ХОЛОЩЕНЫЙ ЖЕРЕБЕЦ
Был он вороной, в синих, зеленых и красных отливах с налетом серебра, как у ворона и скарабея. В молодых глазах ало вспыхивал живой огонек, как на жаровне Рамоны, торговки каштанами с Маркизовой площади. Как зарокотала дробная рысь, когда с песка Суконной он вышел, воитель, на брусчатку Новой улицы! Ладный, нервный, тонконогий, с маленькой точеной головкой!
Он гордо прошел низкие ворота таверны - черные, черней, чем он, в нимбе алого солнца, слепящего дна крепостной арки,- не прошел, а протанцевал, на каждом шагу играя. Потом, перескочив сосновый ствол, порог загона, зажег весельем зеленый двор, распугивая кур и голубей. Там его ждали, скрестив волосатые руки на цветных рубахах, четверо мужчин. После краткой свирепой борьбы, вначале ласковой, потом осатанелой, все четверо уселись на него, сваленного в навоз, и Дарбон исполнил свои обязанности, прикончив его траурную, колдовскую красоту.
Thy unus’d beauty must be tomb’d with thee,
Which used, lives th’ executor to be... -
говорит Шекспир другу.
Жеребец, обращенный в мерина, не шевелился, взмыленный, изнуренный и жалкий. Мужчина поднял его, один, и, накрыв попоной, медленно повел по спуску.
Бедный, скудный клочок недавней бури, затяжной вороненой грозы! Он был как ободранная книга. Казалось, он уже отделен от земли и какое-то иное вещество под ногами отъединило его, вырванного с корнем, случайного, как воспоминание, в буйном мире сплошного весеннего утра.
ДУРАЧОК
Когда бы ни возвращались мы улицей Сан-Хосе, он привычно сидел у своей двери, на своем стульчике, сидел и смотрел, как другие проходят. Это был один из тех отверженных детей, которым не дано ни дара речи, ни тени обаяния, вечно радостный и никого не радующий ребенок, все для матери, ничто для остальных...
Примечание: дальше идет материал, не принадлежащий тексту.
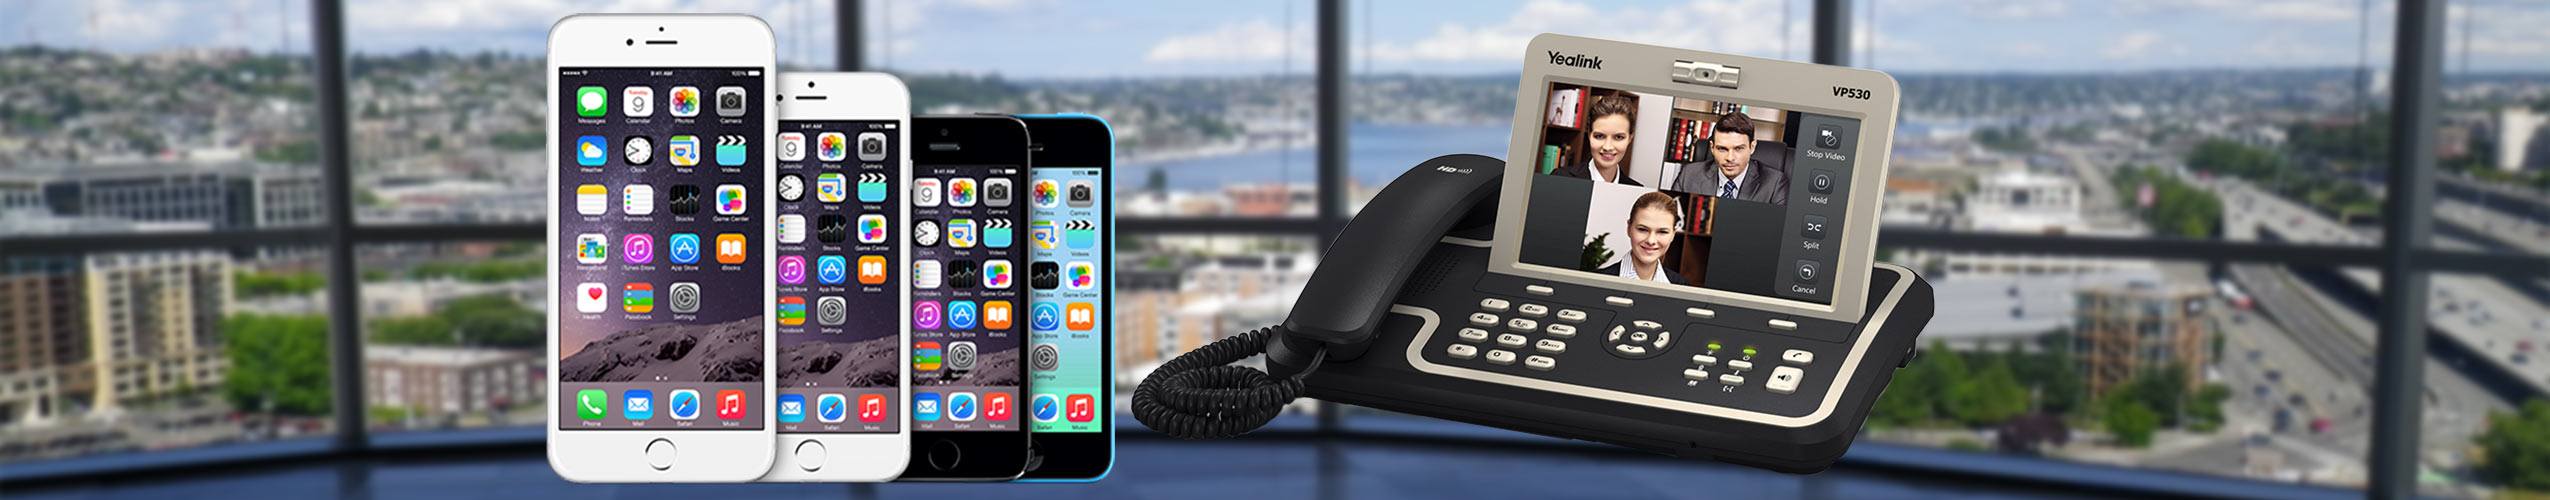 Telefonie1

Однажды, когда бродили по белым улицам черные недобрые ветра, я не увидел его у знакомой двери. Пела птица на одиноком пороге, и я вспомнил Курроса, больше отца, чем поэта, который по смерти сына спрашивал о нем галисийскую бабочку.
Volvoreta d’alinas douradas...
Теперь, когда занимается весна, я думаю о дурачке, который с улицы Сан-Хосе переселился на небо. И, наверно, сидит на своем стульчике среди нездешних роз, провожая глазами, вновь широко открытыми, золотистые тени блаженных.
ПРИЗРАК
Анилья ла Мантека, обуреваемая своей сочной, кипучей молодостью, щедрой на внезапные радости, больше всего любила наряжаться привидением. Она обертывалась простыней, добавляла муки к молочной свежести лица, удлиняла зубы чесночными дольками и после ужина, когда мы подремывали в гостиной, вдруг возникала на мраморной лестнице, держа зажженный фонарь, притягательная и безмолвная. Выглядело это, как если бы саваном была ее нагота. Да, именно так. То гробовое, что несла она с темных антресолей, наводило жуть, но одновременно эта ровная, сплошная белизна завораживала какой-то чувственной завершенностью...
Никогда не забуду, Платеро, ту сентябрьскую ночь. Гроза уже больше часу билась над городом, как больное сердце, оглушая водой и камнем, до отчаянья упорными вспышками и раскатами. Переполненный водоем заливал двор. Все иные звуки - девятичасовая карета, вечерний колокол, рожок почтальона - давно миновали. Я, вздрагивая, шел выпить воды и на миг в зеленой белизне разряда увидел соседский эвкалипт - мы звали его, рухнувшего в ту ночь, ведьминым деревом - весь распластанный над черепицей навеса...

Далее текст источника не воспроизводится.